BRIEF:
Include only the line with "nmd r1 purple and green" and the lines after it, each reproduced exactly as it stands in the entries below.

BEGIN ENTRIES SUPPLIED

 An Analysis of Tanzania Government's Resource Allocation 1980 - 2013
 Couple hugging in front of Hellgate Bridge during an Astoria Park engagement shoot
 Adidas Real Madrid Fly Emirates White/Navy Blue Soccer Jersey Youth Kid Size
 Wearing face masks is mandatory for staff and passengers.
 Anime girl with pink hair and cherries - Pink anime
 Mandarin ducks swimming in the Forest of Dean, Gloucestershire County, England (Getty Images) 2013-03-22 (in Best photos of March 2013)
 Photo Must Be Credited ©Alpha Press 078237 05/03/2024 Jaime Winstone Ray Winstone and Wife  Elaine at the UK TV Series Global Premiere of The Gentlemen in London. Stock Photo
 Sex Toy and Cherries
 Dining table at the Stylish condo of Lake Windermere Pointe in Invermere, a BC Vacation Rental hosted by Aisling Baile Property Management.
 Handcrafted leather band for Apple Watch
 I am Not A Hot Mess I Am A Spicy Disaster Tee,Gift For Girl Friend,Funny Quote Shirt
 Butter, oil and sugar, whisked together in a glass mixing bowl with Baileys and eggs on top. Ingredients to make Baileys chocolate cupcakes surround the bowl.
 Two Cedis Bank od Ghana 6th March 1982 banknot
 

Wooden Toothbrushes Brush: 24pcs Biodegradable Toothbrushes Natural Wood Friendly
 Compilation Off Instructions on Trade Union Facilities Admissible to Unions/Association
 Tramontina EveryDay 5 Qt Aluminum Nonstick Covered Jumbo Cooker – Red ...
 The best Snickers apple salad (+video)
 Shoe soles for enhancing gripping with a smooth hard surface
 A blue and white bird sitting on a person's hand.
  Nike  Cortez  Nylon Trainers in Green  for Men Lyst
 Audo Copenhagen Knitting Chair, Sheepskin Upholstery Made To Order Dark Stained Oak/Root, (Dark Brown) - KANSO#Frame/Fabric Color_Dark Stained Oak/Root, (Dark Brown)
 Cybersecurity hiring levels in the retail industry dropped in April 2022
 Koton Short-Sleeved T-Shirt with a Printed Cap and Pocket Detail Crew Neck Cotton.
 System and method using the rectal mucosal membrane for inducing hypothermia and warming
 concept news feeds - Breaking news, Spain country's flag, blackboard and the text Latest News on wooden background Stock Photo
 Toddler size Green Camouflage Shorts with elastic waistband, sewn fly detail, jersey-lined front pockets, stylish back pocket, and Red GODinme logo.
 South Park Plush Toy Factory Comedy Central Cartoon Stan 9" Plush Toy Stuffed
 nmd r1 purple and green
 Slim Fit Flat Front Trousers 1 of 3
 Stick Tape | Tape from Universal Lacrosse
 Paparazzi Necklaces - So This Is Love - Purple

END ENTRIES SUPPLIED

EXPECTED OUTPUT:
 nmd r1 purple and green
 Slim Fit Flat Front Trousers 1 of 3
 Stick Tape | Tape from Universal Lacrosse
 Paparazzi Necklaces - So This Is Love - Purple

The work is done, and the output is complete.